In general, there is a relationship between a function and its Fourier transform. A smooth function has a quickly decaying Fourier transform, and a quickly decaying function has a smooth Fourier transform.
For example, see the old question: Smoothness and decay property of Fourier transformation
I want to make a more general inquiry.

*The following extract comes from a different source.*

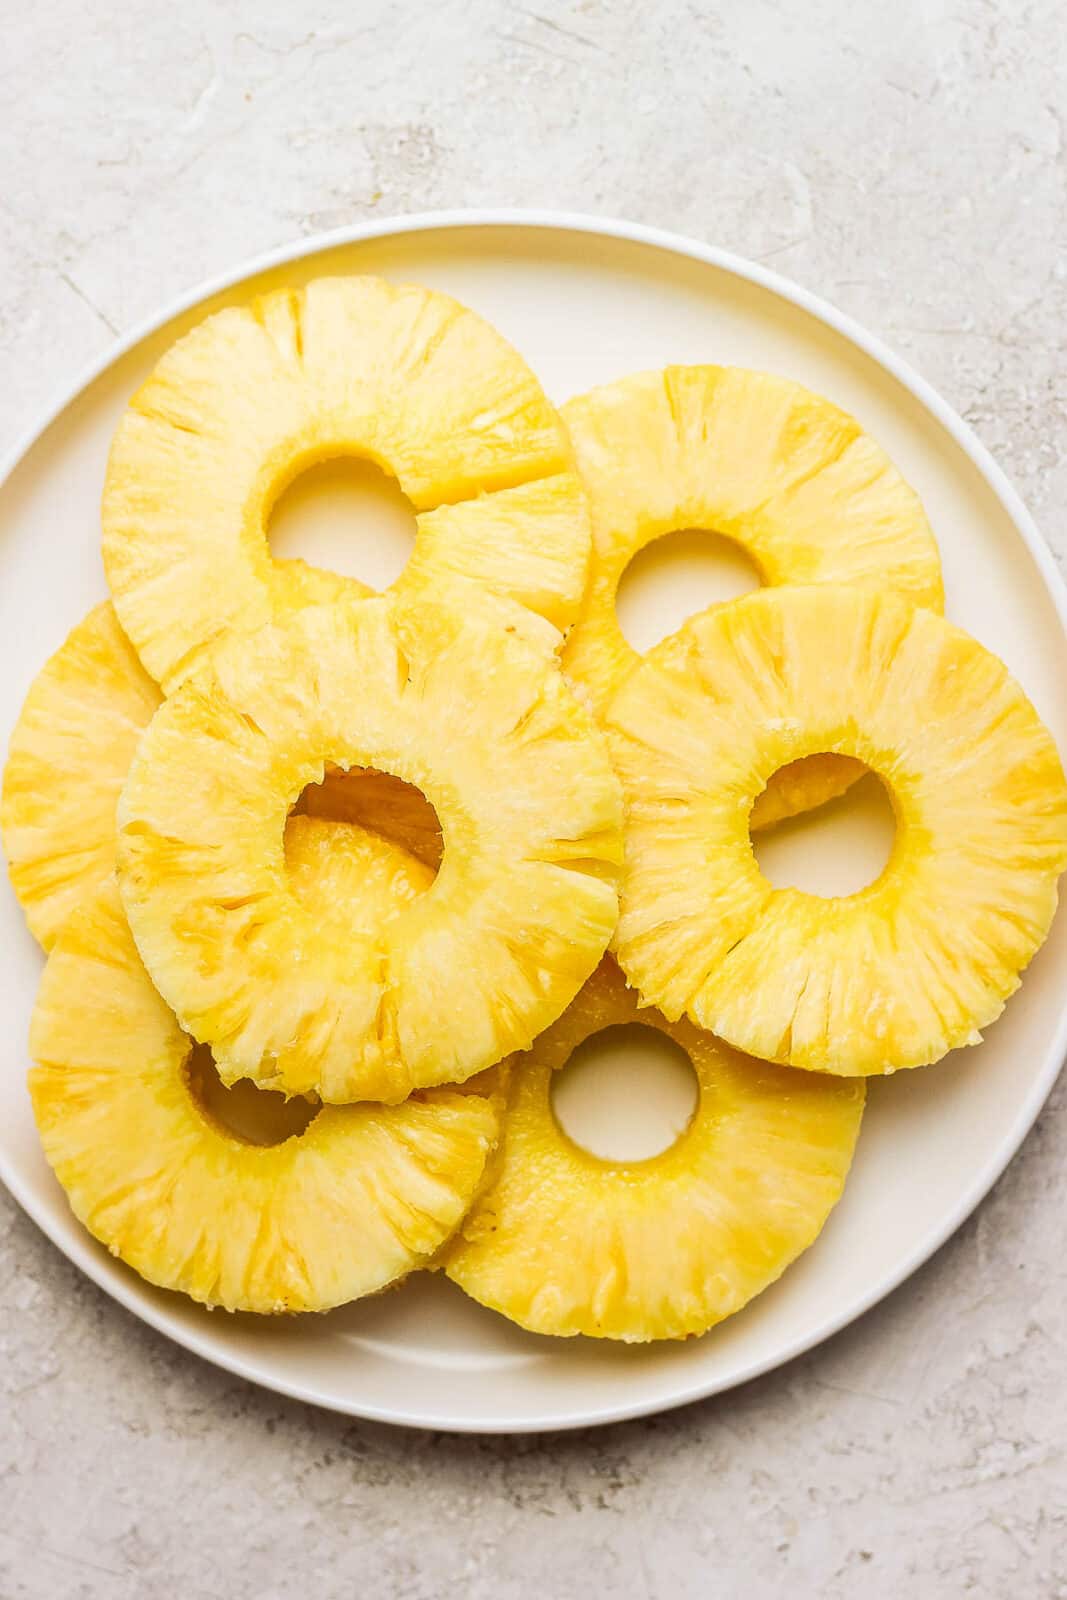 Pineapple slices brushed with olive oil and honey on a plate.

Say that you have $u\in H^s_{\textrm{loc}}(\mathbb{R}^n)$ where $s\in\mathbb{R}$ and $H^s_{\textrm{loc}}(\mathbb{R}^n)$ is the space of tempered distributions s.t. their restriction to any bounded open subset $\Omega\in\mathbb{R}^n$ is in $H^s(\Omega).$ What can we say about the decay rate of its Fourier transform? How, in fact, do we define the decay rate of the Fourier transform, given that we have no reason to expect the Fourier transform to be smooth or even $\mathbb{L}^2_{\textrm{loc}}$? For this purpose, let's say we know that $\hat{u}\in H^{-t}_{\textrm{loc}}(\mathbb{R}^n)$ where $t>0$ is a real number that could be aribtrarily large, to keep things simple.
I'm also interested in the inverse relationship. If we have a tempered distribution $w\notin H^s_{\textrm{loc}}(\mathbb{R}^n)$, I expect that we should be able to show that in some sense the Fourier Transform of $w$ decays slowly in some sense.